The benefits of smartphone camera switches

These switches expand camera design possibilities

BY ENRIQUE O. RODRIGUEZ
Fairchild Semiconductor
South Portland, ME
http;//www.fairchildsemi.com

As countries expand their 3G capabilities, customers are adopting new communication media including video conferencing. This requires smartphone devices that have two peripheral cameras: a low-resolution camera (typically VGA) for video conferencing and a high-resolution camera (over 3 Mpixels) for picture taking.

On the engineering side of the mobile handset this can present a design challenge because typically the video camera and high-resolution camera share the same baseband processor interface. As the main camera increases in resolution it also increases in speed, which means parasitic components of the connected VGA camera interface now become a bigger factor.

The designer either has to limit the amount of parasitic components of the VGA transmission “stub” or isolate the interface to maintain signal integrity. A growing trend is to implement an isolation analog switch in this path to isolate the transmission line “stub” and maintain signal integrity.

A 3G smartphone typically is a bar-style phone with a large (HVGA or higher) LCD screen and two cameras. Its design has been created in order to focus the customer to the software applications. Although video conferencing via mobile devices is a fairly new concept in a number of countries, the limitation to this point has been the bandwidth of the network.

Once bandwidth is not of a concern, then applications such as video conferencing start to become common place. Phone markets in several countries are experiencing growth in demand and the use of video conferencing.

To date, most video-conferencing smartphones have been designed with a VGA camera for video conferencing and 1.3 to 3-Mpixel camera for picture-taking. The VGA camera module is a 640 x 480 sensor running at 30 fps with a reference clock of approximately 30 MHz (depending on the camera module design) and 8 to 10 bits of data. The 3-Mpixel camera is a 2,048 x 1,536 sensor running above 30 fps with a reference clock of greater than 48 to 100 MHz (depending on the camera module design) and 8 to 12 bits of data.

The signal paths of both cameras (including clock, data, and command lines) share the baseband processor interface to reduce both PCB layout and processor complexity. The camera interface is routed from the baseband processor to the camera modules through the PCB, connectors, and flexes.

At some point of the flex there will be a split between the routing of the VGA camera and the higher-megapixel camera. Selecting the active camera module is done by enabling separate clock lines for each. This layout requires two clock lines in the typical implementation.

Limitations

This design has a number of limitations, including placement of camera modules, resolution of cameras, and interference with RF bands. The mechanical design typically dictates where the modules are located.
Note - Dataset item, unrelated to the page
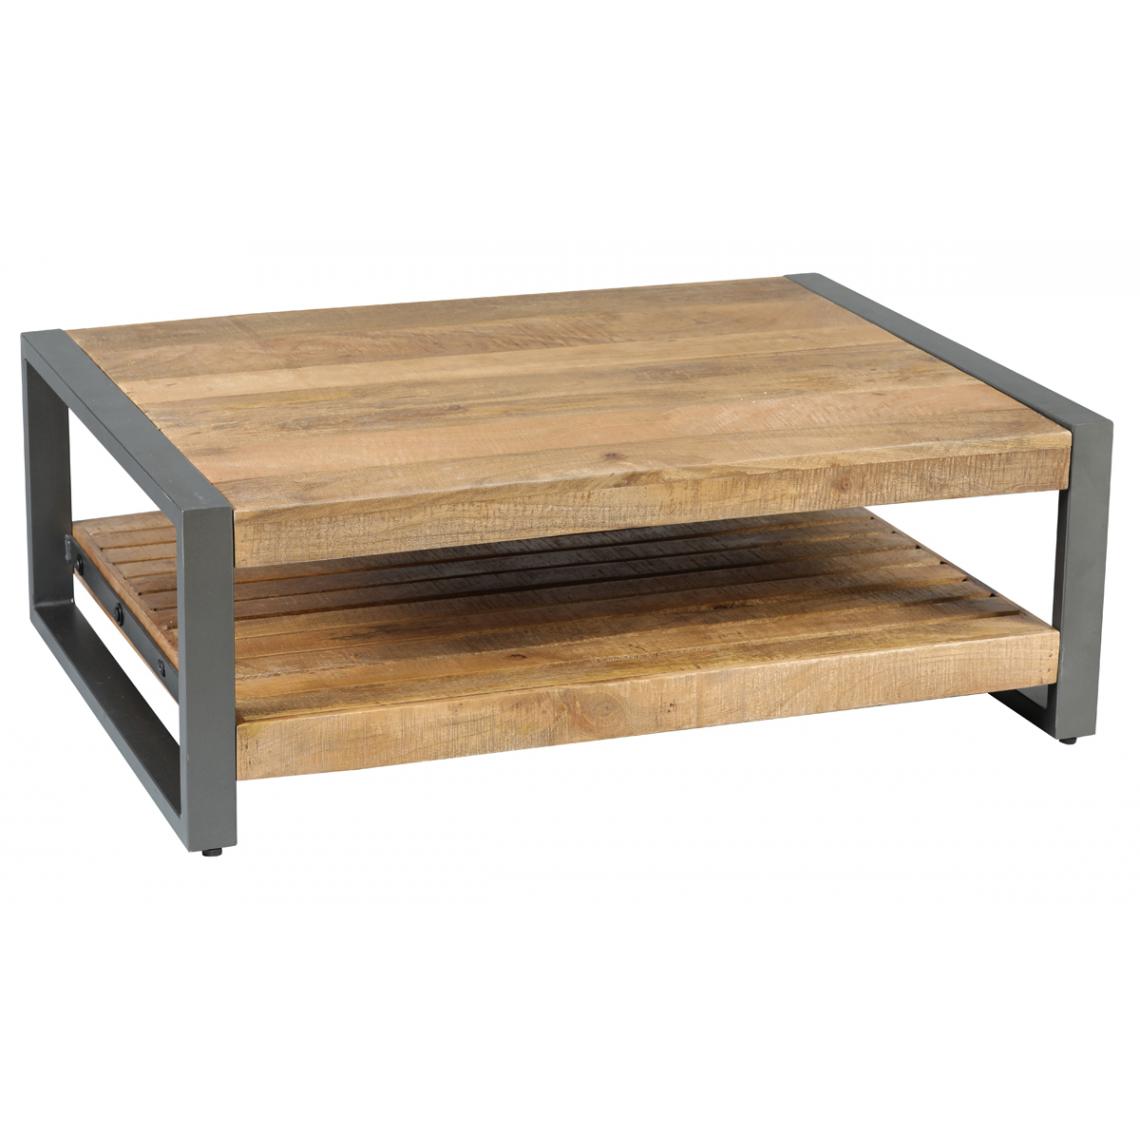 Pegane - Table basse en bois de palissandre et acier coloris naturel / noir - Longueur 100 x Profondeur 75 x hauteur 35 cm - Tables basses

The limitation of the placement depends on the differential impedance of the flex cable as well as all the parasitic components associated with that section of the flex. It is these parasitic components that will “limit” the performance of the alternate data path.

For example, if a designer wanted to use a 3-Mpixel camera for video conferencing and an 8-Mpixel camera for the main camera, the transmission line “stub” of the 3-Mpixel camera in parallel with the main camera would create signal reflections and unacceptably poor signal integrity. This poor signal integrity will generate radiated EMI and limit the performance of the 8-Mpixel camera module.
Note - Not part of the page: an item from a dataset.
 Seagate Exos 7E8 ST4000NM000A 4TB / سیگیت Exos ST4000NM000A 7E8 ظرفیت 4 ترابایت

In addition to signal integrity problems, the secondary camera path, when not in use, will still be driven from the processor. This will mean that it will act as an antenna radiating EMI on the unused path. As the clocks for the camera modules get higher in frequency, they will start to interfere with the RF bands, creating a desense problem.

Solution: Camera switch

A trend in the industry is to solve these issues using a camera switch. A camera switch is an SPST analog switch that isolates the unused stub from the main parallel connection. In the camera application, this would be a 12-bit switch for the clocks, data, and control bits.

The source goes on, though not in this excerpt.